For example, a common reason for an artifact being defective is when the version of the artifact specified in the POM is different from the actual version in its filename. This could easily happen when using deploy:deploy-file (or even using the Archiva web upload form) as the actual filename used for the uploaded artifact is determined based on the supplied parameters. It is a possibility that the included POM in the upload has different coordinates from the provided parameters. These defects are discovered during Archiva's database scan, when the actual POM file is read and added to the database. We can narrow down the report by providing a specific Group ID and/or a Repository ID which will be used for querying defective artifacts that match these criteria. If you try querying for the report using the default configuration, you should be able to see a generated report similar to the following one, which shows a defective POM in repository internal.

Archiva in a Team: Part 2

To repair such an error, you can manually fix the POM in the Archiva repository by updating it in the file system. If the defect is caused by a transfer error when the artifact was proxied, you can delete the artifact (including the metadata and checksums) then force Archiva to retrieve it again by requesting it.

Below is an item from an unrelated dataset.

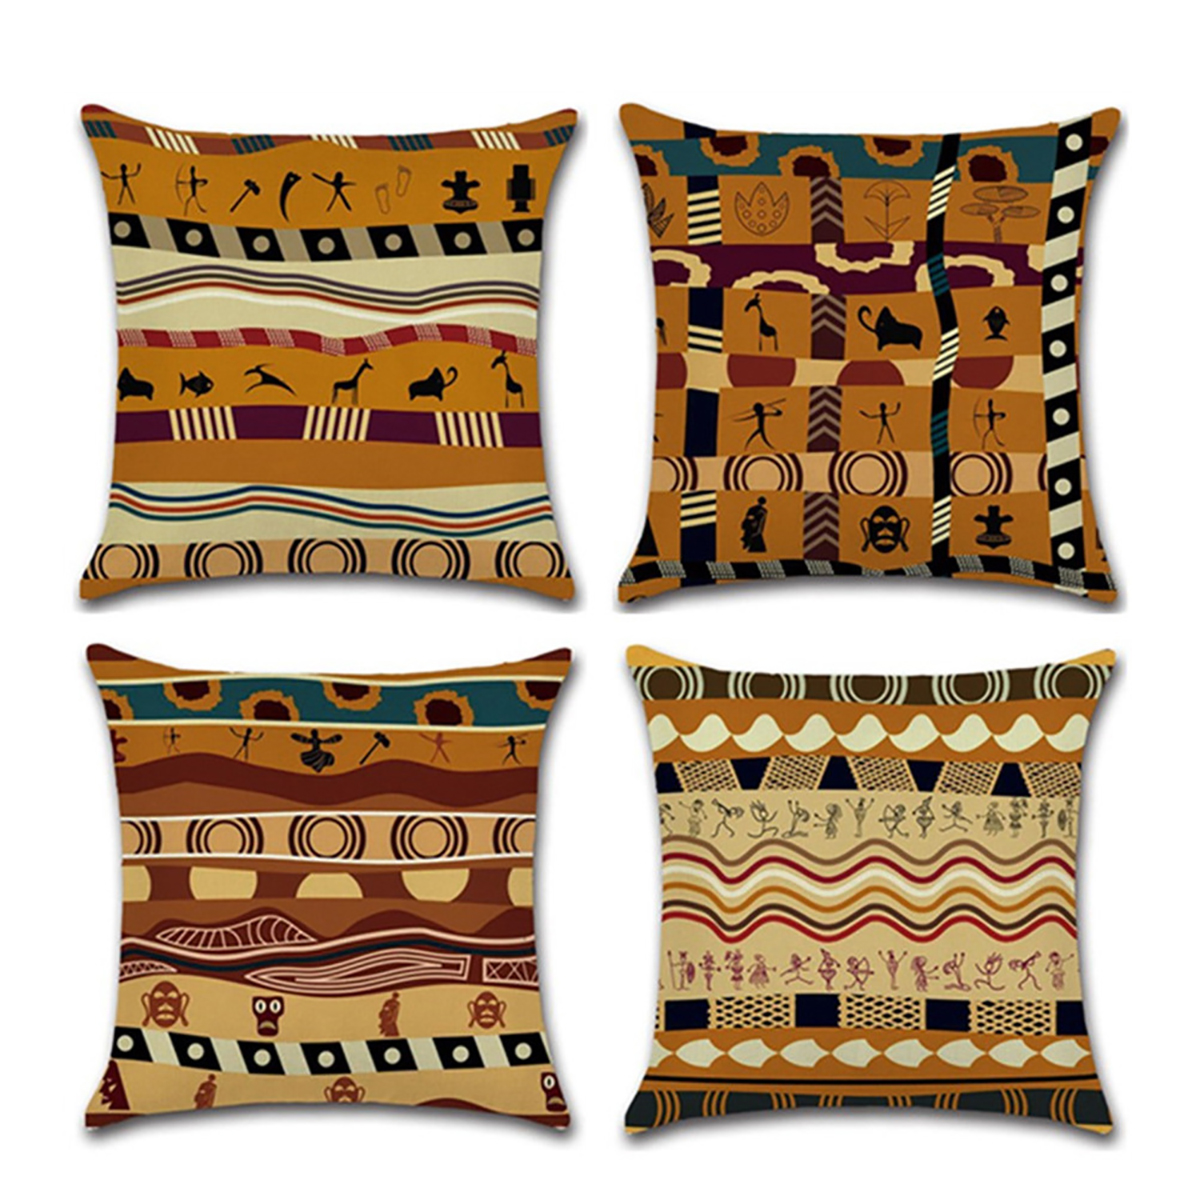 45x45CM-African-National-Style-Geometric-Printing-Cushion-Cover-Linen-Pillow-Case-Home-Decor-Pillow--1915524-2

A word of caution though—making these changes could affect the reproducibility of a dependent project's build. For example, it is possible that the actual artifact in the central repository is the defective one. If you fixed the artifact in your internal Archiva repository, project builds that go through the local proxy may get a successful build. However, the project is built directly off central and the build fails because the dependency artifact is defective.

That summarizes monitoring the health of our repositories. The next section discusses the built-in Archiva utilities which in one way or another clean up and repair broken artifacts and metadata in the repositories.



The Archiva consumers

In this section, we'll go into the details about what they really are.

What is a consumer?

A consumer is a plugin-like component in Archiva. When repositories are scanned or changes to the repository are made, they are able to process the change to keep the rest of the system up to date and perform any other necessary operations. Some examples of these operations are—indexing, repository clean up, adding of artifact information to the database, and fixing metadata.

There are basically two types of consumers in Archiva. These are the repository consumers and the database consumers. The former are attached to the repository scanning and are executed on each artifact processed from the file system. On the other hand, the latter are executed on each artifact in the database when the database scanning is triggered. The list of available repository consumers is displayed at the bottom section of the Repository Scanning page, while the database consumers are listed in the Database Scanning page. Administrators can enable and disable the consumers to be executed in these respective pages.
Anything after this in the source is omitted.